Uso estes dois exemplos para chamar atenção ao fato de que o trabalho também possui uma linha tênue entre algo prazeroso, necessário, fundamental, e algo viciante, que deturpa, que pode trazer sofrimento a quem nos cerca. Trabalhar compulsivamente também pode ser visto como algo não saudável.
Não digo que não devemos focar no trabalho em muitos momentos importantes da nossa vida, da nossa carreira. Quem não ralou muito no primeiro emprego ? Quem não virou noites para fechar aquele negócio ou projeto ? Quem não dedicou finais de semana para mostrar que foi a escolha certa para aquele cargo ? Quem não trabalhou muito só para conseguir mais dinheiro ? Quem não fez tudo só para ver os filhos, os necessitados, os amigos... felizes ? Estas são situações normais da vida e vão ocorrer enquanto trabalharmos.
Estou falando daqueles que já se tornaram compulsivos em relação ao trabalho. Daqueles que esqueceram o amor de Freud, ou acham que o amor também vem do trabalho. Daqueles que, por anos, acham que podem abrir mão das relações, do cuidado da saúde, da família, do conhecimento, etc, em nome de “Não posso agora, tenho que trabalhar”. Sempre estão em estado de emergência e nunca saem. Assim como no esporte, o overtraining diminui o rendimento. Ser um “workacholic” também não significa ter a melhor produtividade e nem ser o mais eficiente.
O corpo tem limites e estes limites vão encurtando com os anos.

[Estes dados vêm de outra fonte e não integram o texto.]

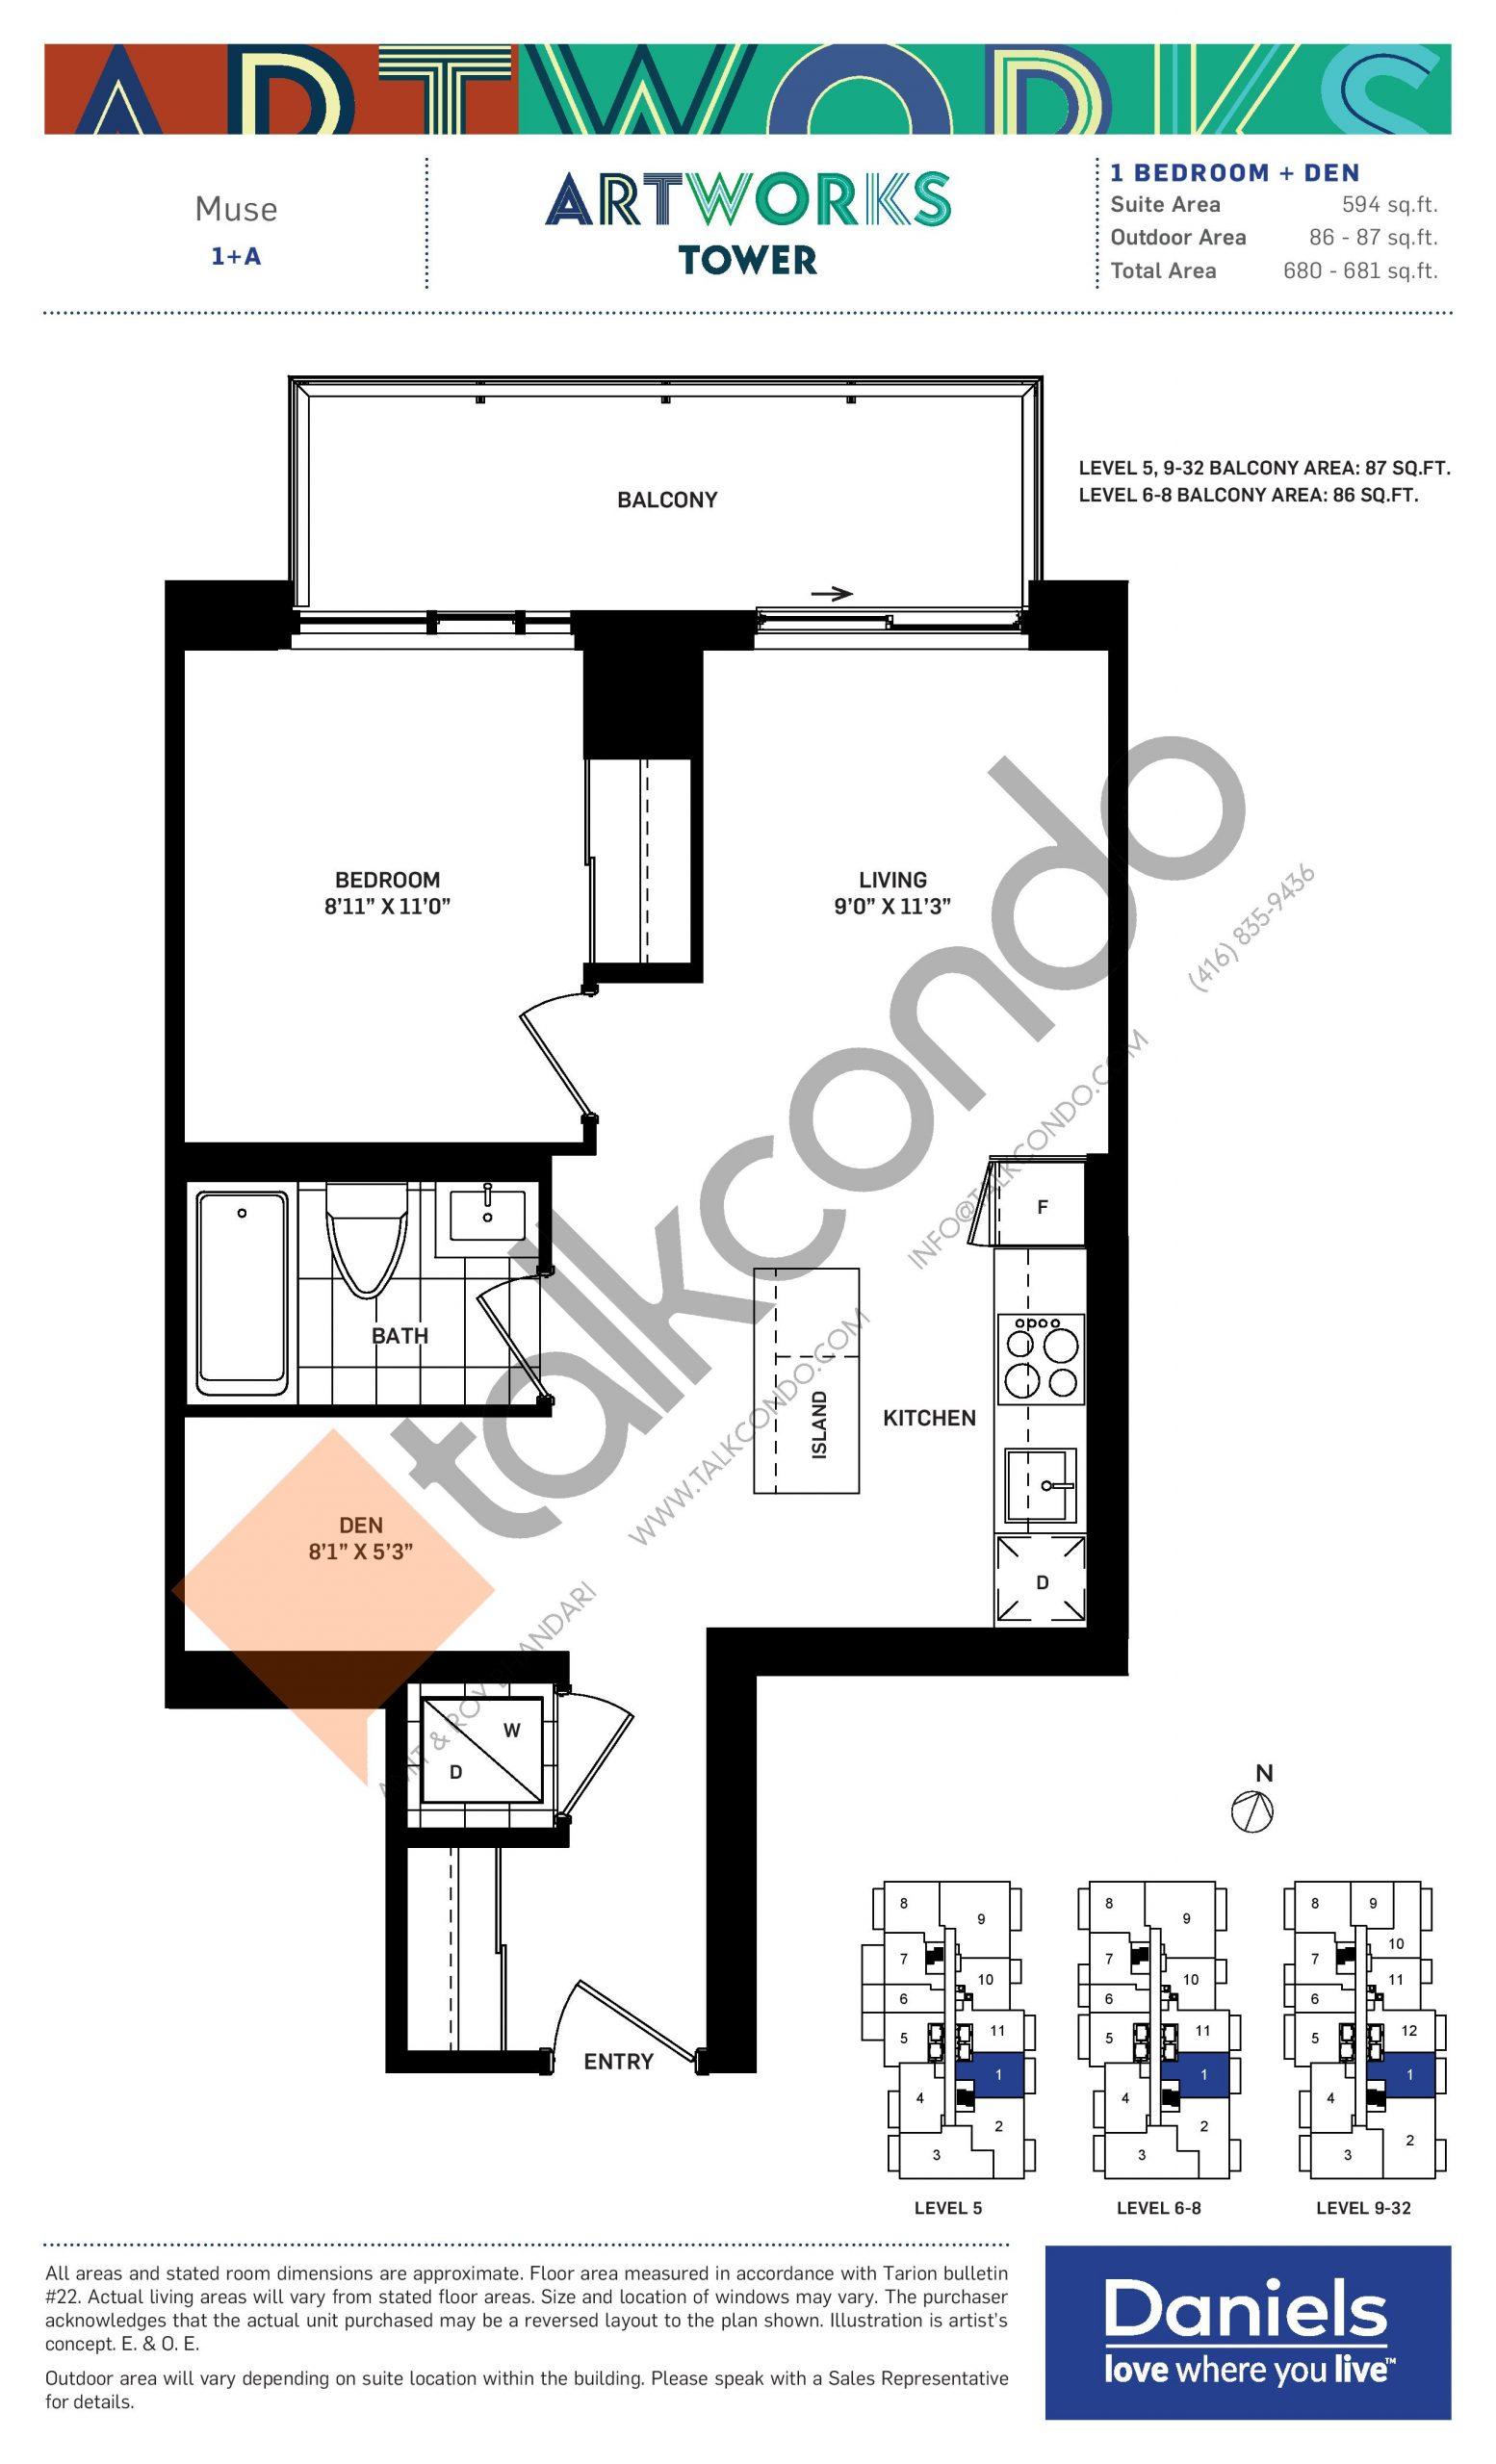 Muse Floor Plan at Artworks Tower Condos - 594 sq.ft

As relações humanas tem limites e, para não diminuirem, precisam ser cultivadas. Saber equilibrar trabalho com os demais aspectos da vida é uma virtude e deve ser festejada. As empresas também se beneficiam deste equilíbrio e, aquelas que estão a frente no seu tempo, incentivam esta atitude em seus colaboradores. A Betania Tanure, em seu livro “Executivos: Sucesso e (In)felicidade”, aborda com maestria os desafios na busca do sucesso pelo trabalho e o equilíbrio com a vida pessoal. Da resolução desta equação resulta a felicidade ou a infelicidade.
Antes de cruzar os limites, vale a pena buscar o equilíbrio.